Dans l’Entre-deux-mers, ce combat mené par les riverains et associations de protection de l’environnement n’est pas un long fleuve tranquille… Fondée après guerre dans la vallée de Saint-Genès-de-Lombaud, la distillerie Douence transforme les marcs et lies de raisin apportées par 3200 viticulteurs. Bref, c’est un peu l’incinérateur de la vigne girondine, qui emploie 35 personnes.

Mais l’usine suscite l’ire des habitants : elle génère des nuisances – fumées, odeurs de vinasse ou de « pourri brûlé » -, et est suspectée de polluer l’air et les eaux.

En 1975, soit 28 ans après la création  de la distillerie, l’inspecteur des installations classées pour la protection de l’environnement, estime déjà qu’il « serait peu souhaitable d’autoriser une extension de l’exploitation dans l’avenir si son propriétaire persiste à ne pas tenir compte du préjudice qu’il occasionne à son voisinage ».

Depuis, la production de produits alimentaires, chimiques, agricoles, industriels et d’énergies renouvelables, issue de la distillation des déchets viticoles est pourtant passée de 115 hectolitres par jour à 210 hl actuellement, et 350 espérés bientôt.

Afin d’étendre ses activités, l’exploitant a en effet déposé un dossier de demande d’autorisation en 2000, qui a fait l’objet d’un arrêté préfectoral d’autorisation le 18 octobre 2001, complété par l’arrêté préfectoral du 24 novembre 2003.

Carence de l’État

Mais en 2001, les associations Label Nature et Vivre en Entre-deux-mers déposent un recours pour « carence de l’État vis-à-vis des pollutions générées » ; et en 2010, en raison d’une irrégularité dans la procédure d’autorisation, le tribunal administratif de Bordeaux annule les arrêtés préfectoraux d’autorisation d’exploiter et demande le dépôt d’un nouveau dossier. Première victoire.

Le dossier en question met alors trois ans à arriver complet sur le bureau des services de la préfecture. Et ce délai pèse lourd dans la balance du commissaire-enquêteur, dans son rapport, issu de l’enquête publique, il rend en juillet 2016 un avis défavorable.

« Il paraît difficile aujourd’hui, compte-tenu des nombreux manques, d’évaluer la nature et l’impact réels et concrets des rejets atmosphériques sur la santé des habitants voisins de la distillerie, d’où une inquiétude face aux dangers à moyen et long terme liés à l’ingestion directe ou indirecte de ces retombées atmosphériques », indique Gilles Robert, le commissaire-enquêteur dans son rapport.
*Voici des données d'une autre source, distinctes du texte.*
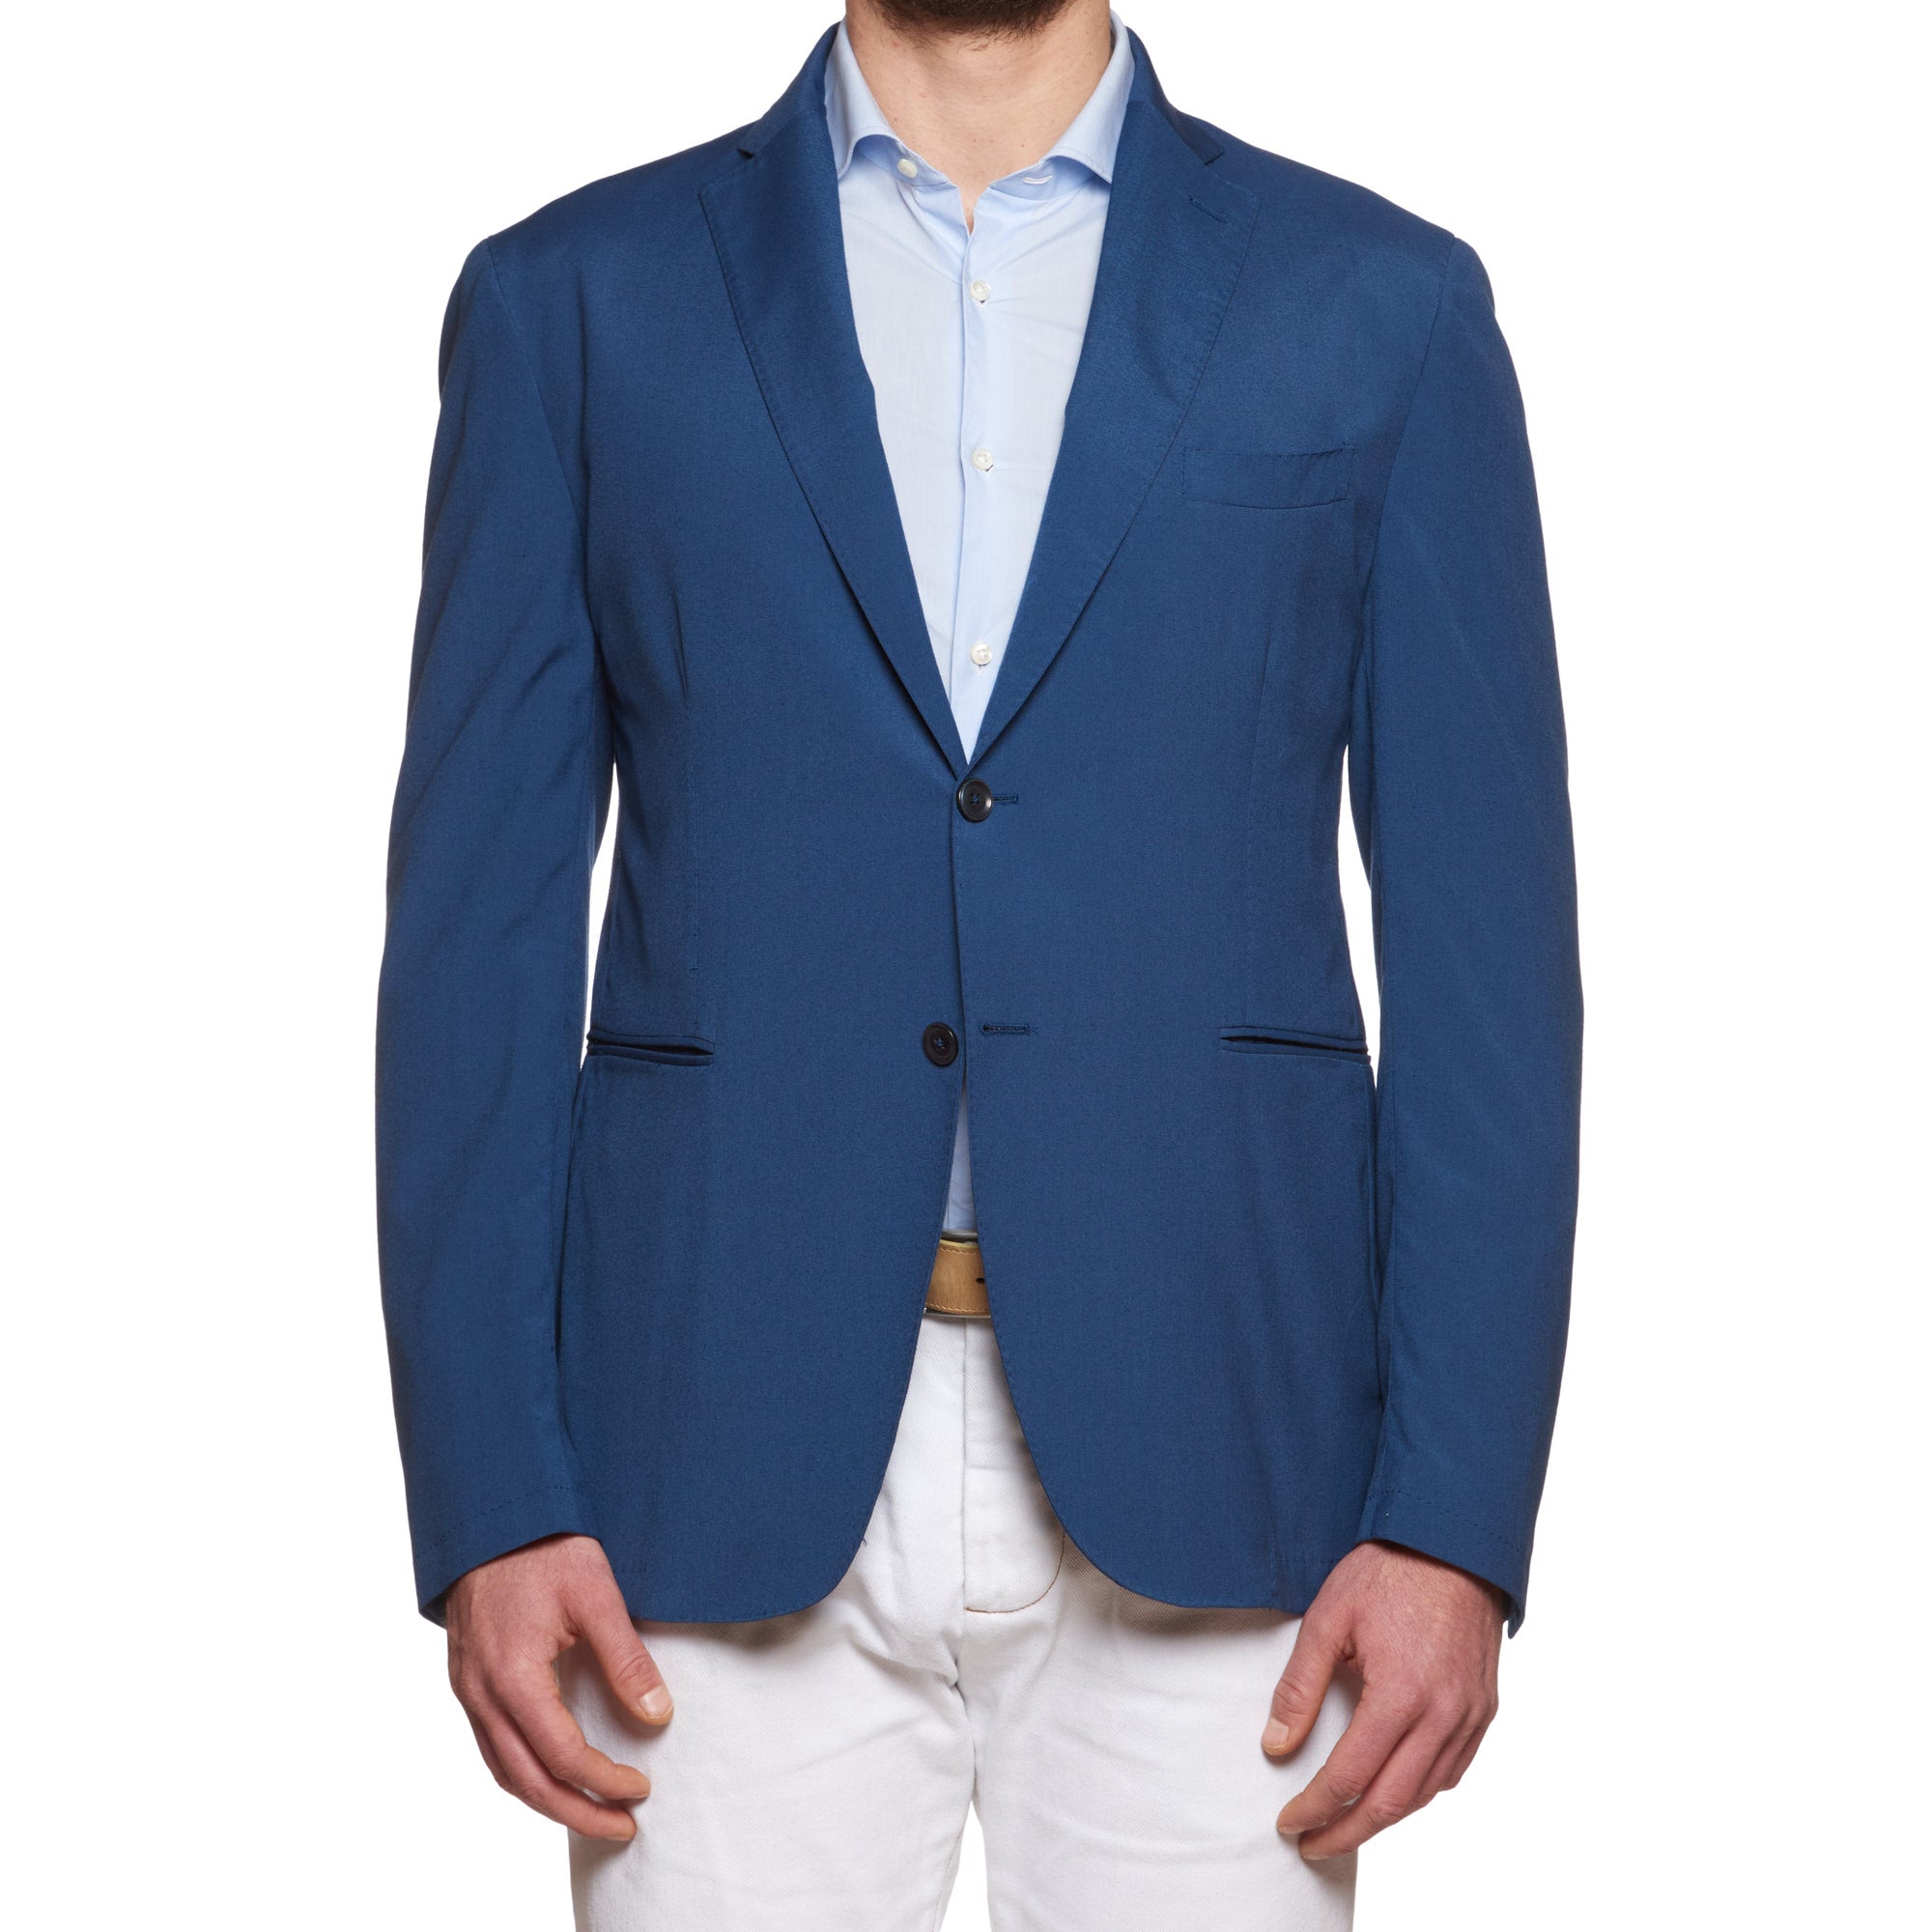 VINCENZO PALUMBO Napoli Blue Wool Sport Coat Jacket EU 56 NEW US 46 Slim Fit VINCENZO PALUMBO

Deuxième (très grosse) victoire. Cette décision est en outre assortie de cinq avis également défavorables votés par les mairies du secteur : Saint-Genès-de-Lombaud, Haux, Langoiran, Saint-Caprais-de-Bordeaux et le Tourne.

Dessin réalisé par Pierre Touron

Jusqu’à ce jour, la croissance de l’activité de la  distillerie semblait donc difficilement envisageable. L’avis (consultatif) favorable du Conseil départemental de l’environnement et des risques sanitaires et technologiques (Coderst) rendu le 6 juillet dernier, renvoie pourtant associations, riverains et parents d’élèves dans les cordes. D’autant que le préfet, Pierre Dartout, avait déjà annoncé qu’il suivrait cet avis. Sa décision est attendue dans les prochains jours.

Retour de bâton

C’est un coup de massue pour ces militants qui connaissent le dossier sur le bout des doigts, compilant documents, rapports et analyses depuis plus de 20 ans. Dans un courrier adressé au préfet lundi dernier, l’association Label Nature dénonce de graves carences dans ce dossier.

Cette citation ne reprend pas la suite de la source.